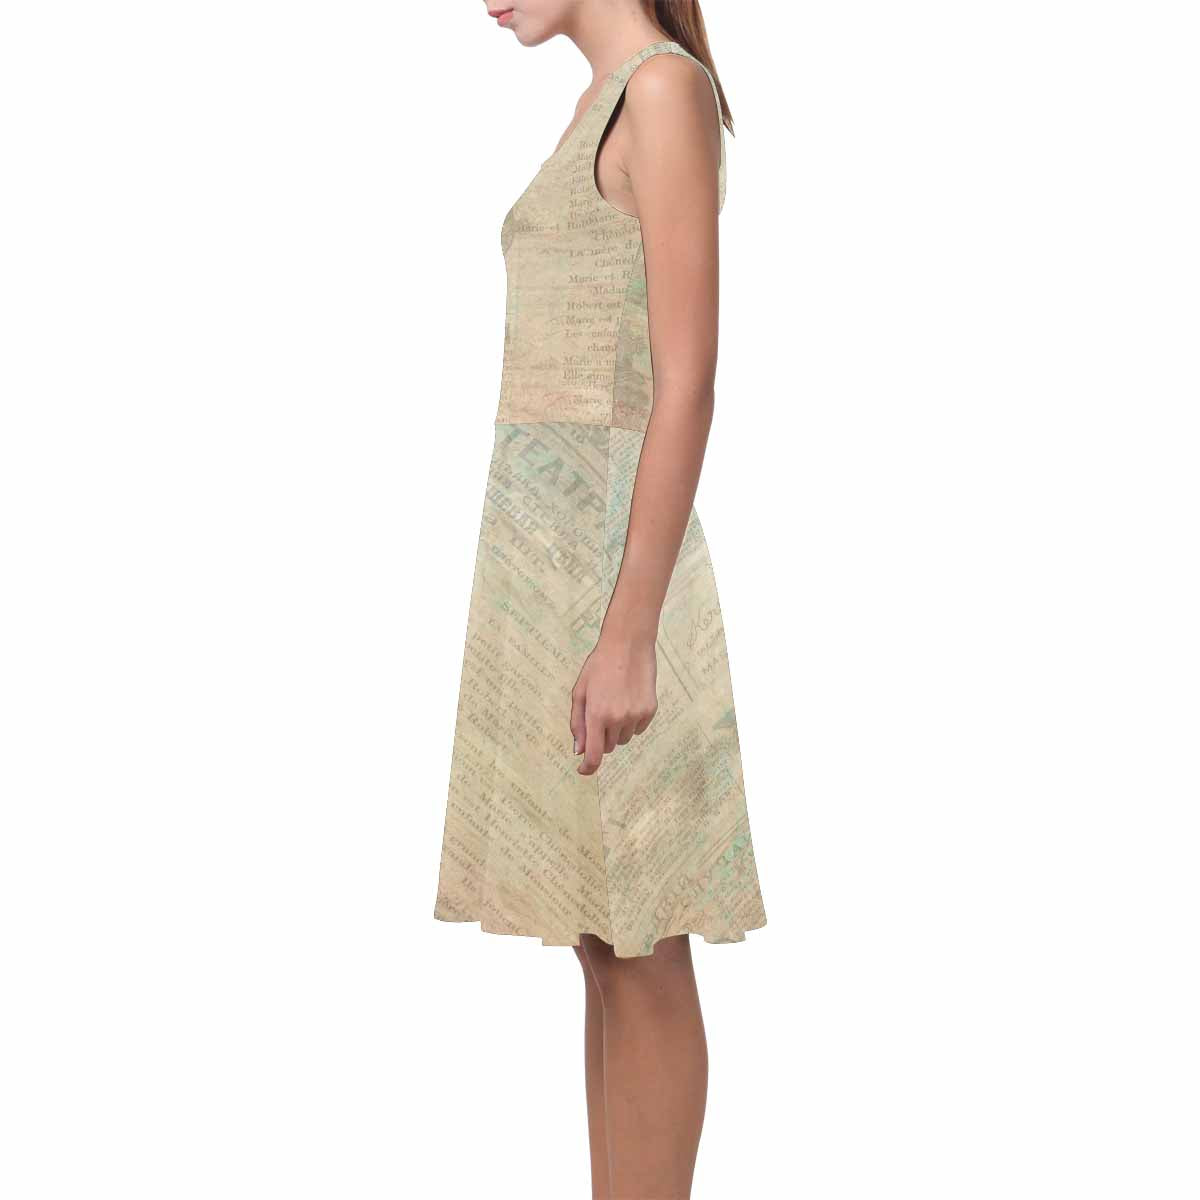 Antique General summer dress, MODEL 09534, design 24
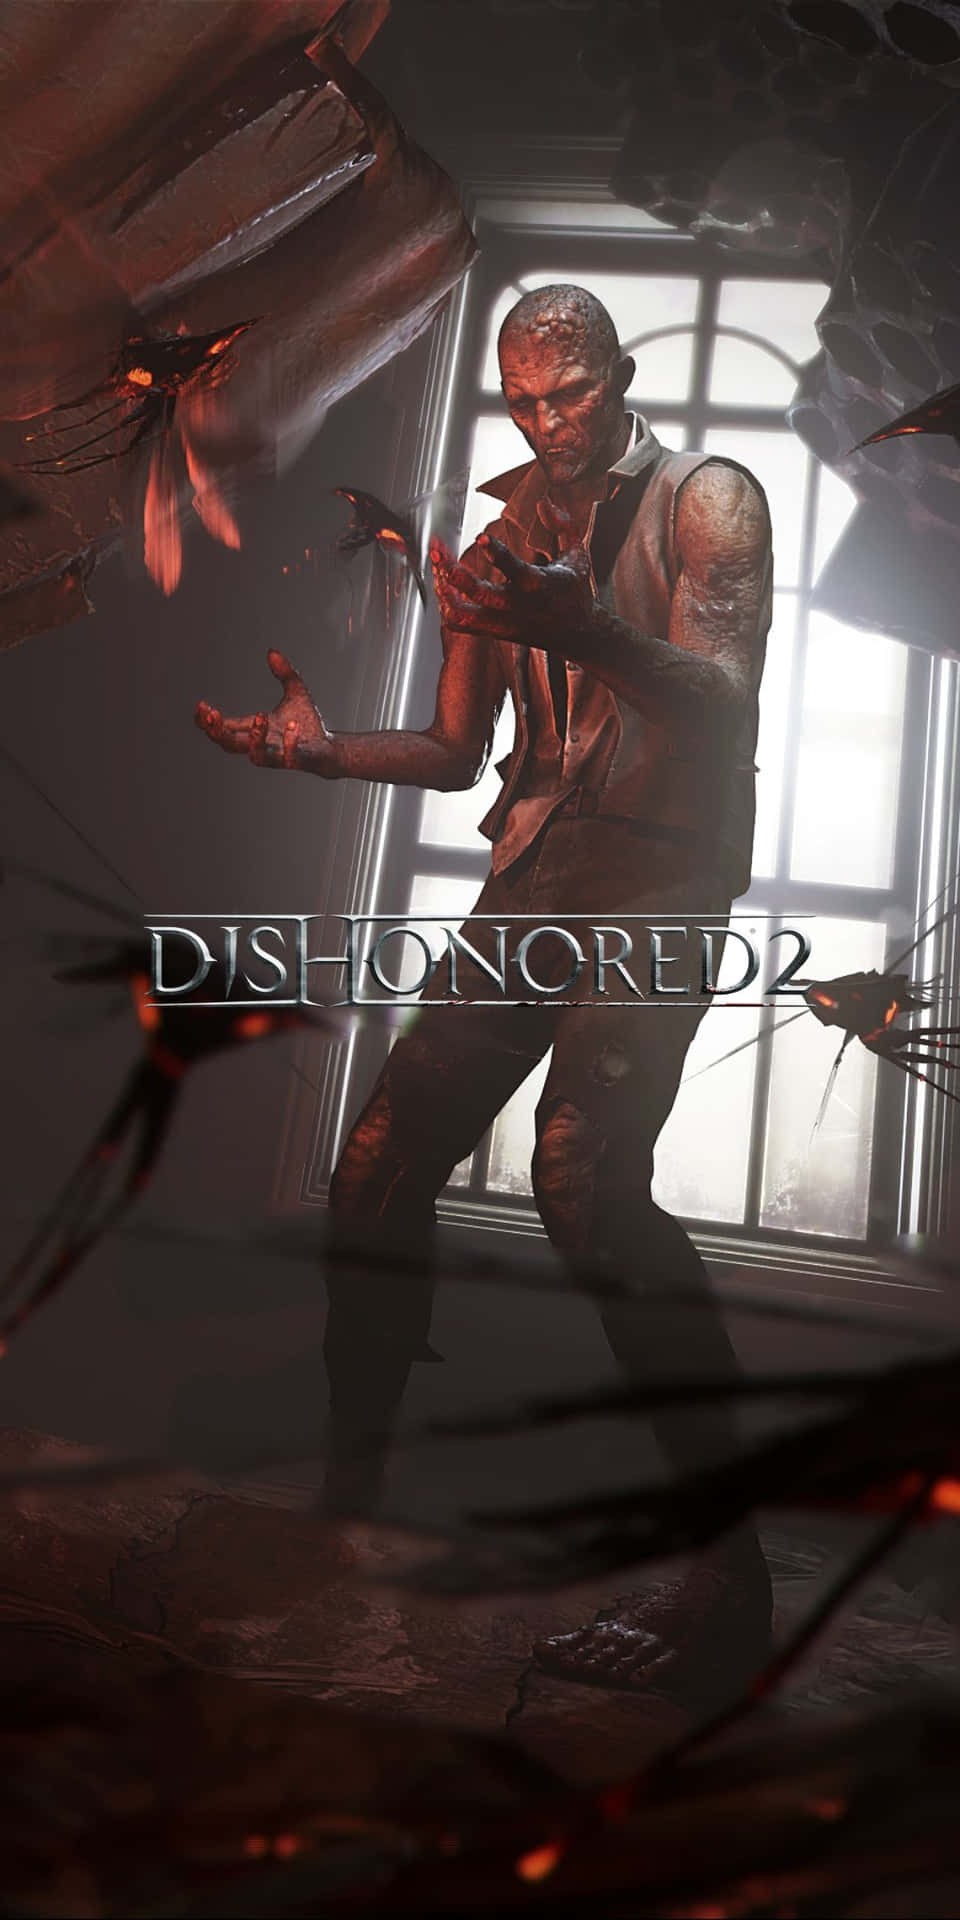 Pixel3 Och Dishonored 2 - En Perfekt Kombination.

--

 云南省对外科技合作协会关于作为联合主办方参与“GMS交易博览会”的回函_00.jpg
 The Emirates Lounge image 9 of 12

...

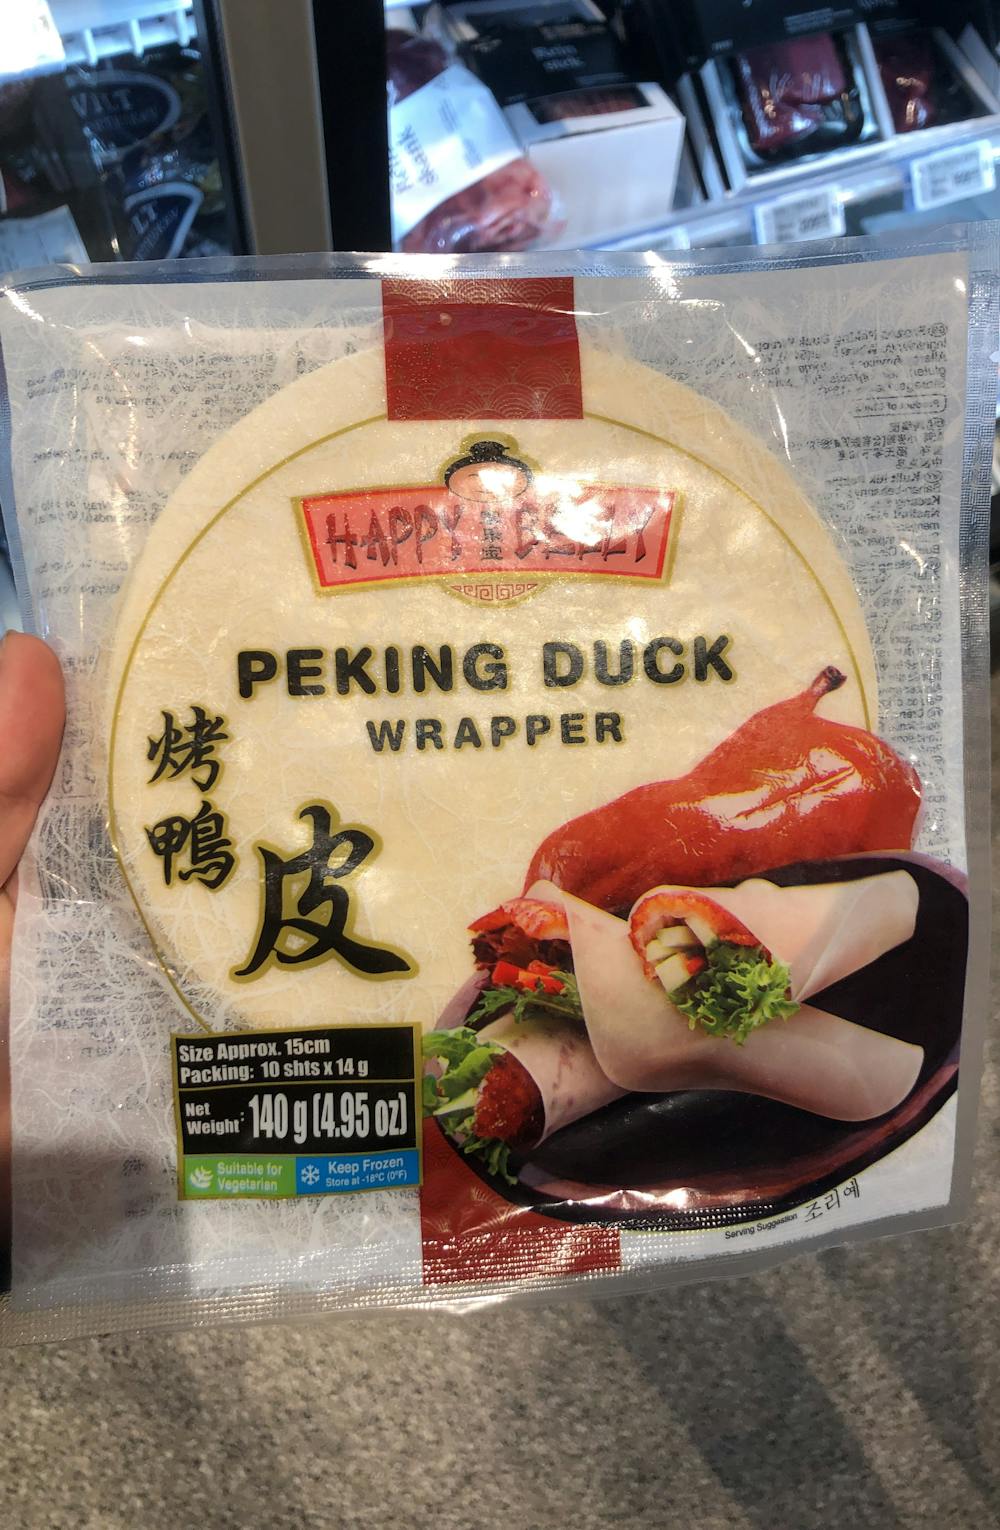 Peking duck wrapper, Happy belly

Task requirements: Within the entries above, give again exactly the lines starting at the one that contains "Antique General summer" and ending at the one that contains "Pixel3 Och Dishonored", leaving out the pictures.

Result below:
 Antique General summer dress, MODEL 09534, design 24
 Pixel3 Och Dishonored 2 - En Perfekt Kombination.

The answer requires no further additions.